RECORDS SHOWN START

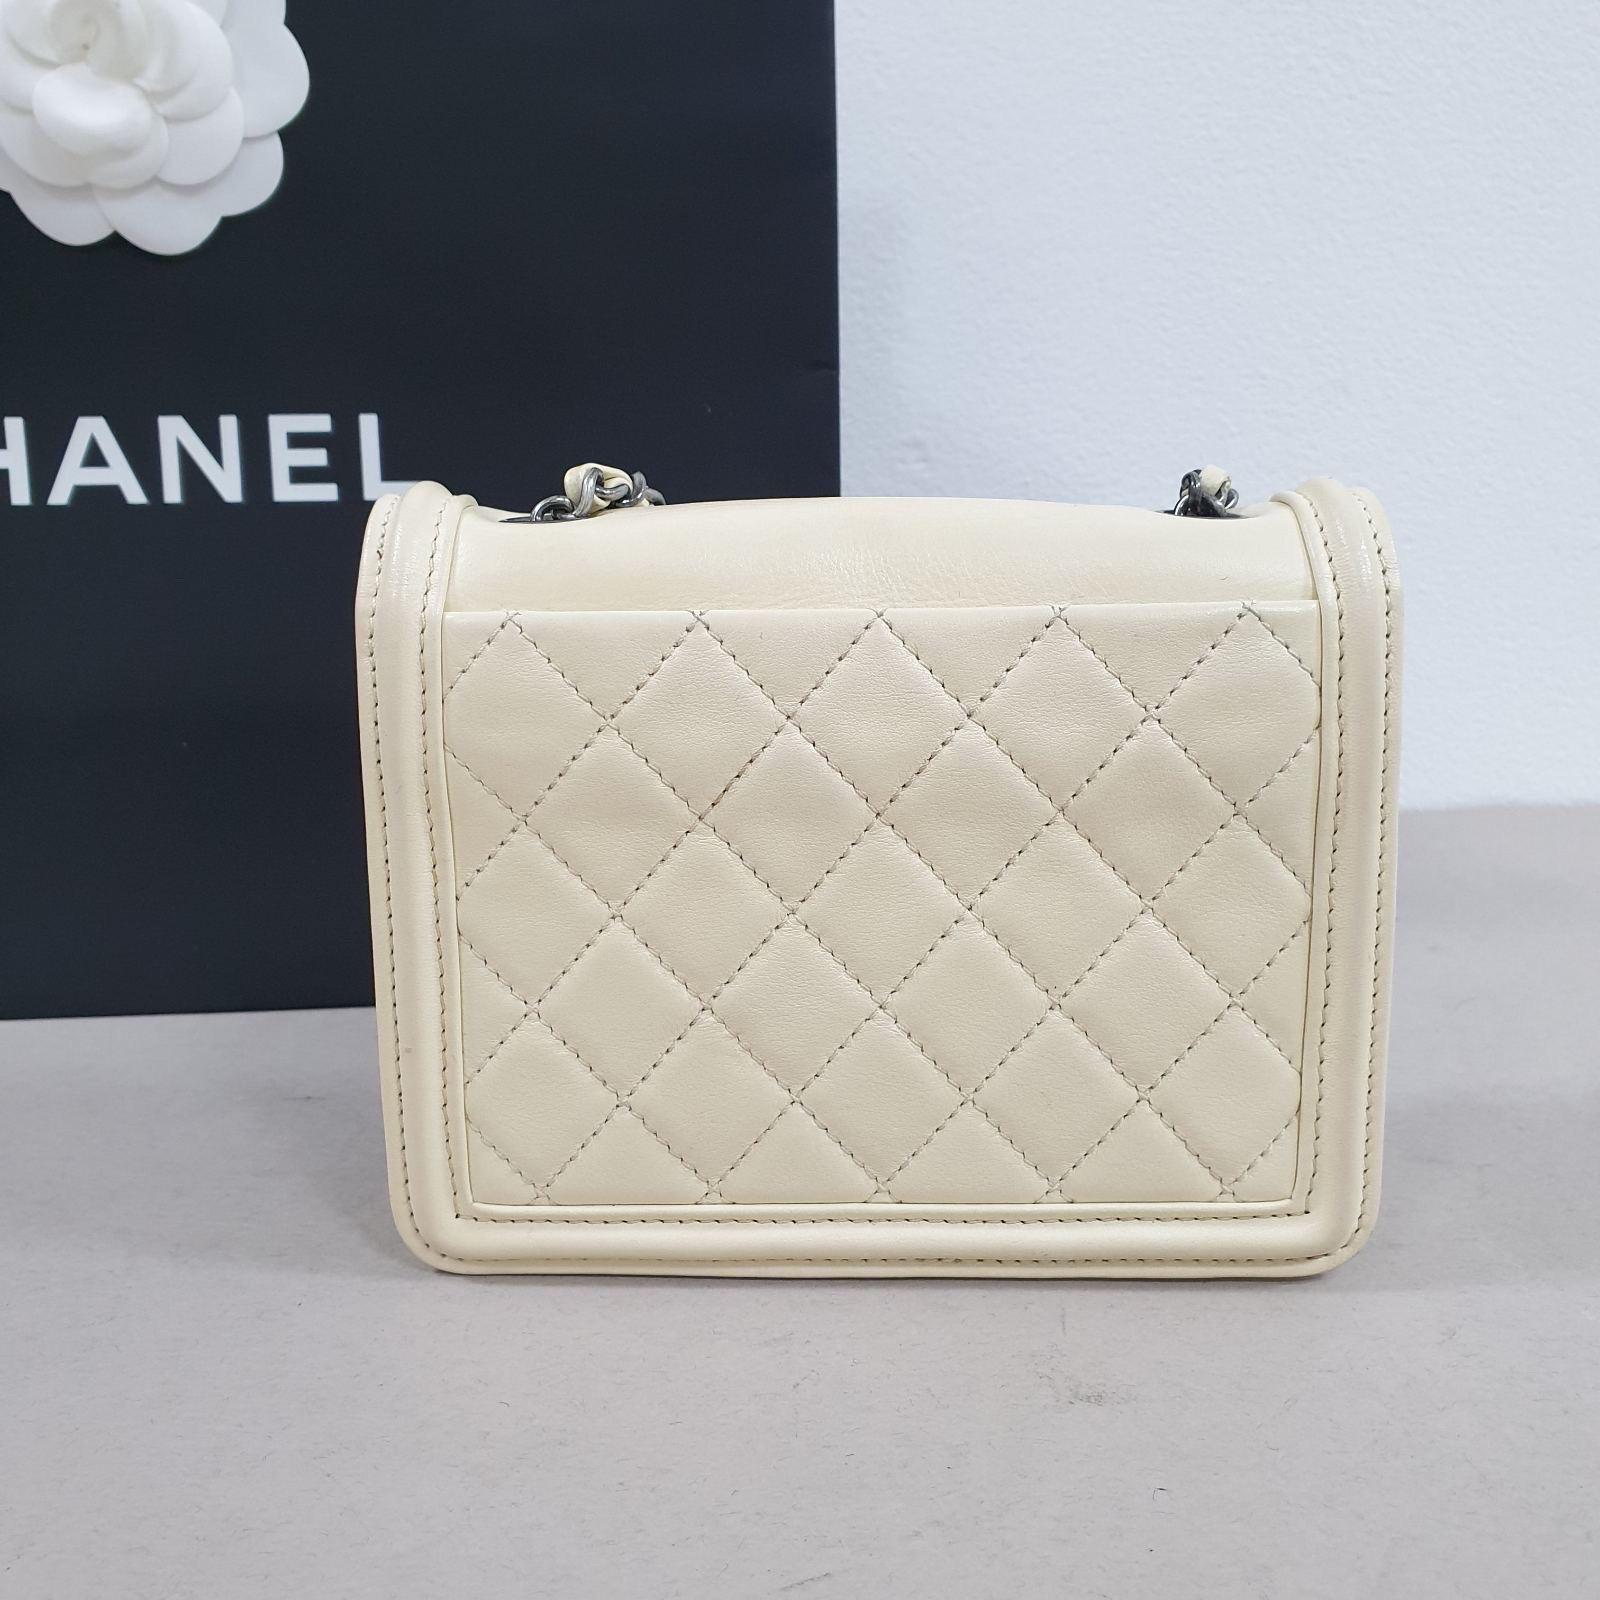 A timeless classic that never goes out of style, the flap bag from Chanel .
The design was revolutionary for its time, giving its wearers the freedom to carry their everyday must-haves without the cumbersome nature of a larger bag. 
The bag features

RECORDS SHOWN END
RECORDS SHOWN START

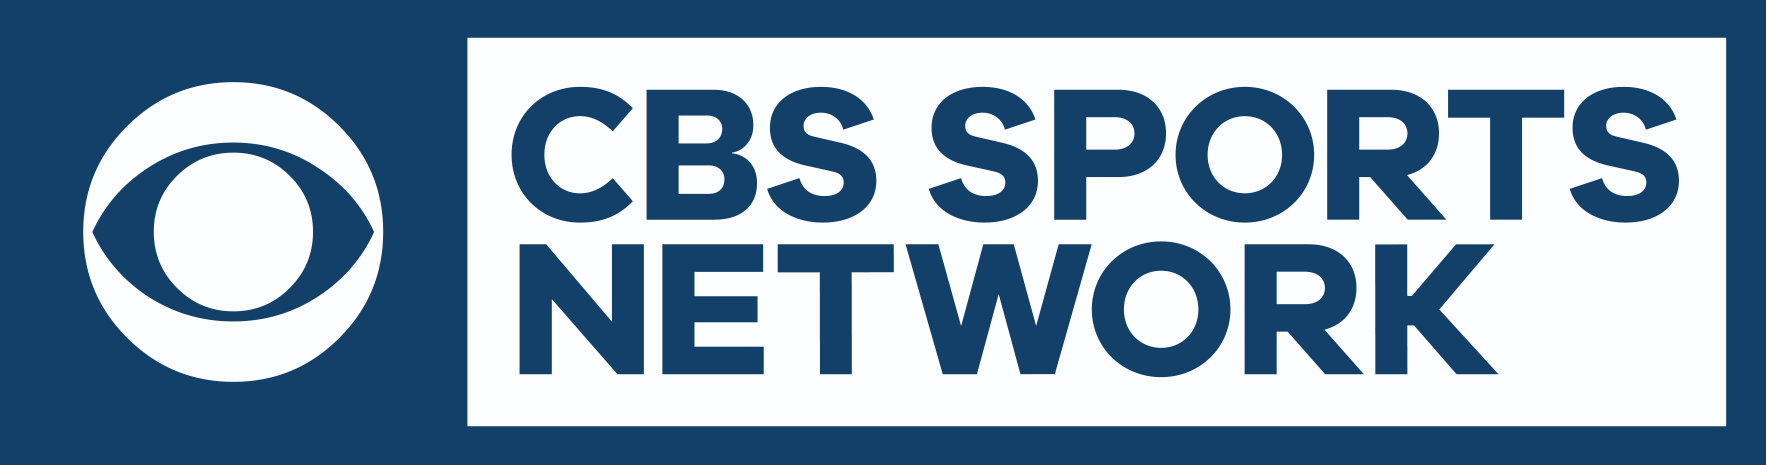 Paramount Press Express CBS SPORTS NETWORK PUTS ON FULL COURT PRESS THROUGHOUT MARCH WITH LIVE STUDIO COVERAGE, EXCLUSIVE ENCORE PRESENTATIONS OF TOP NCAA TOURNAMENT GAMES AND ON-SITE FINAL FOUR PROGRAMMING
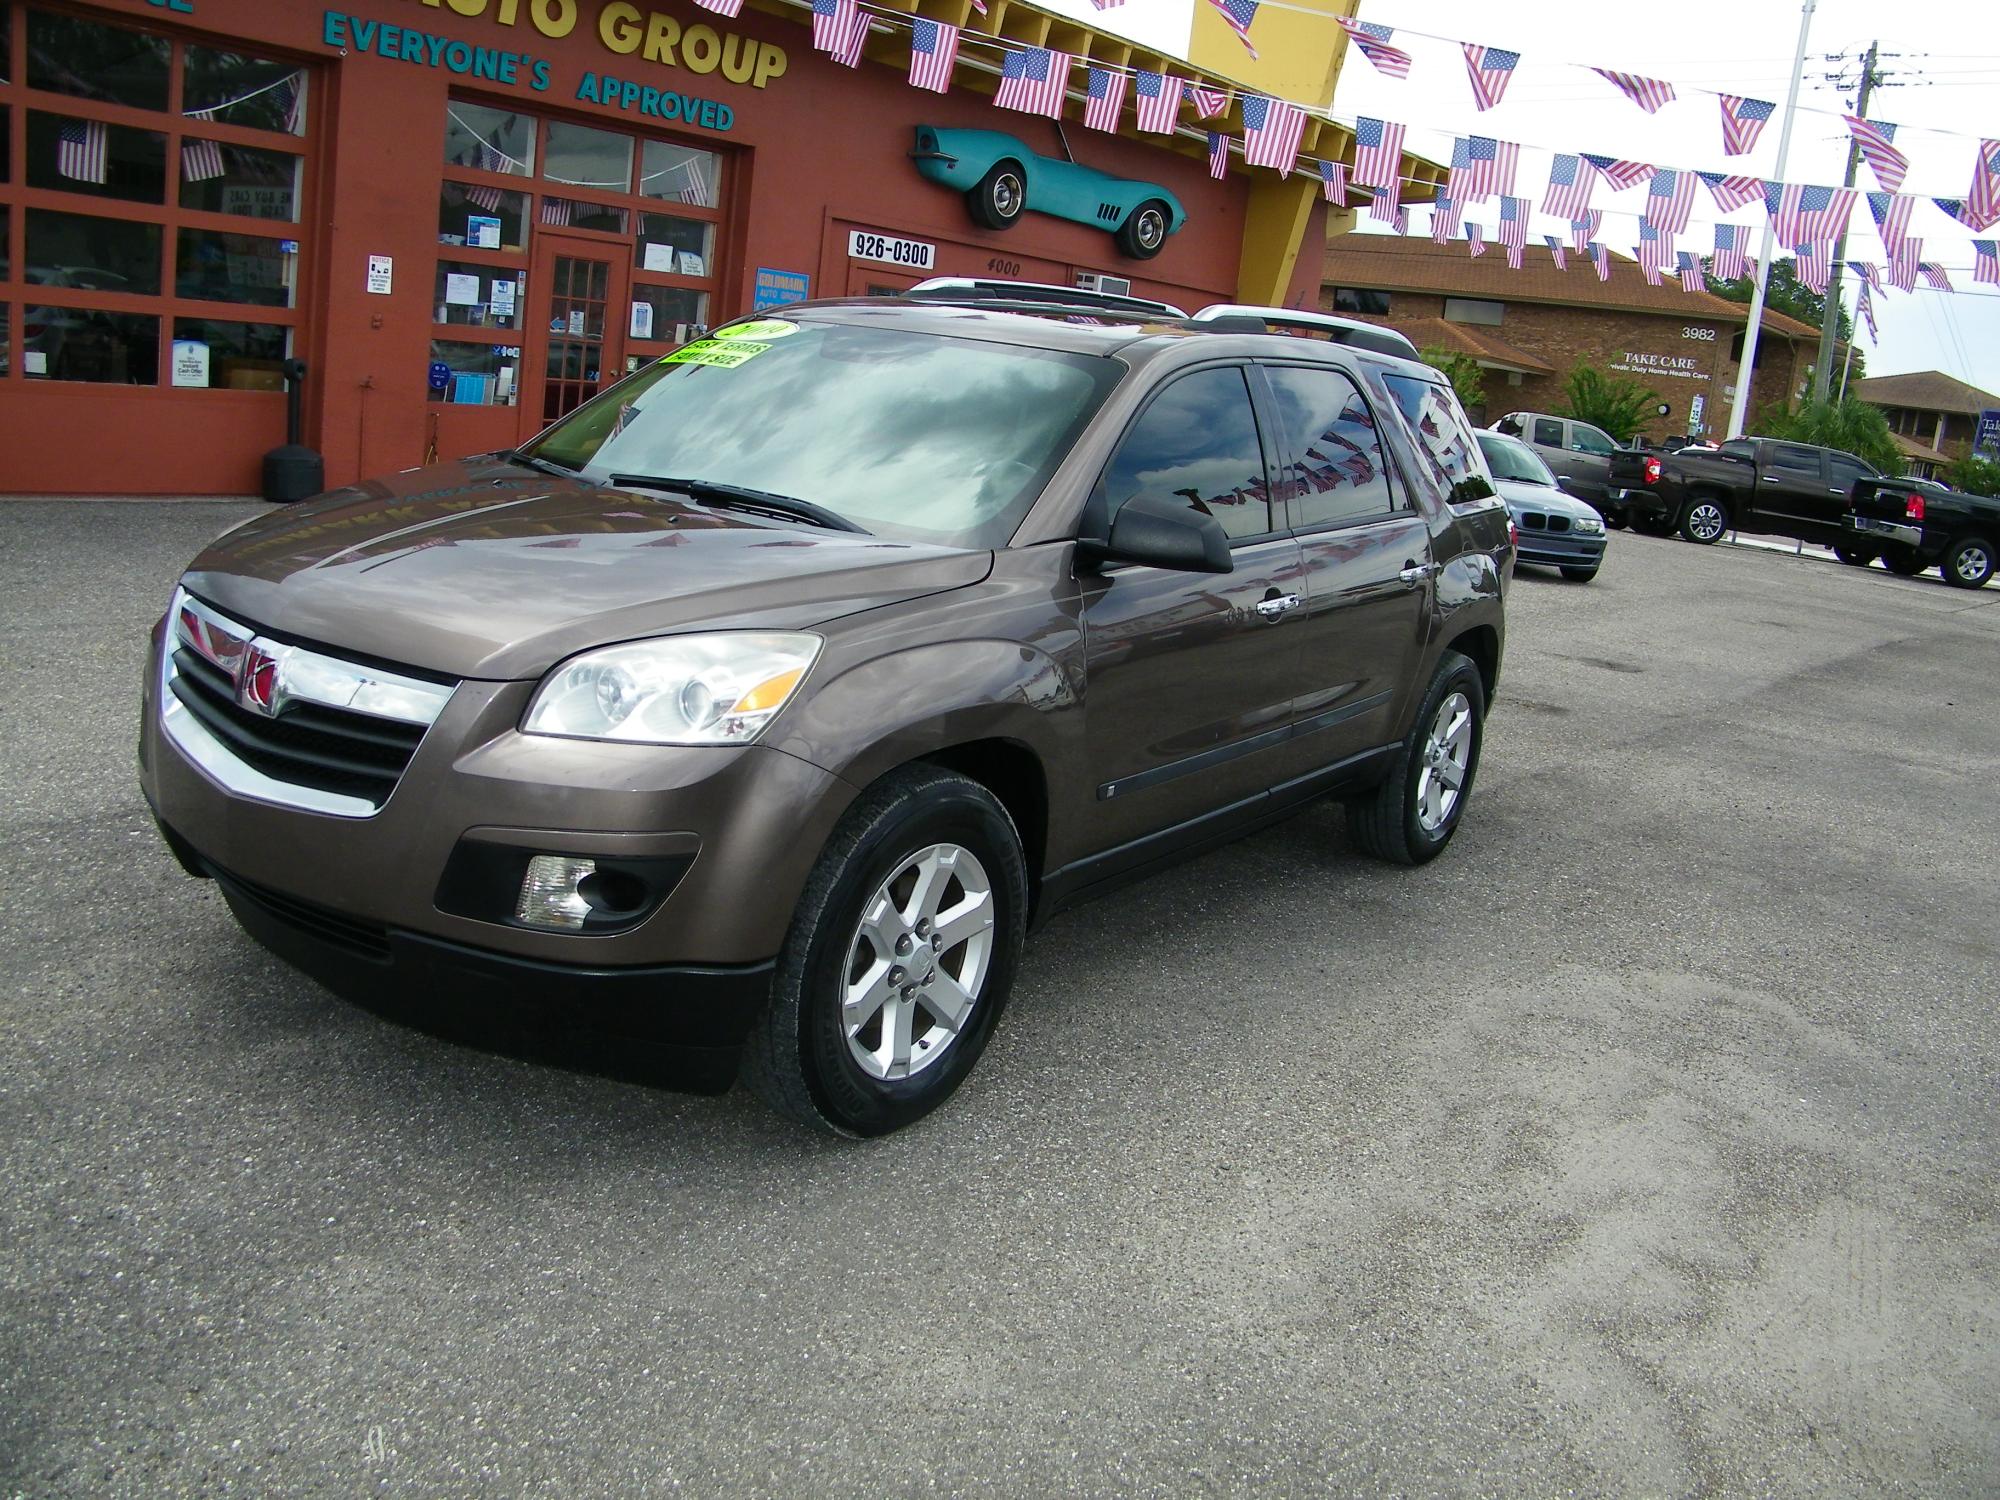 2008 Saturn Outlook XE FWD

RECORDS SHOWN END

__EXERCISE DESCRIPTION__
Your reply is to be an exact repeat of the listing above from the line holding "A timeless classic" down to the line holding "The bag features", ends included, pictures excluded.

__TASK SOLUTION__
 A timeless classic that never goes out of style, the flap bag from Chanel .
The design was revolutionary for its time, giving its wearers the freedom to carry their everyday must-haves without the cumbersome nature of a larger bag. 
The bag features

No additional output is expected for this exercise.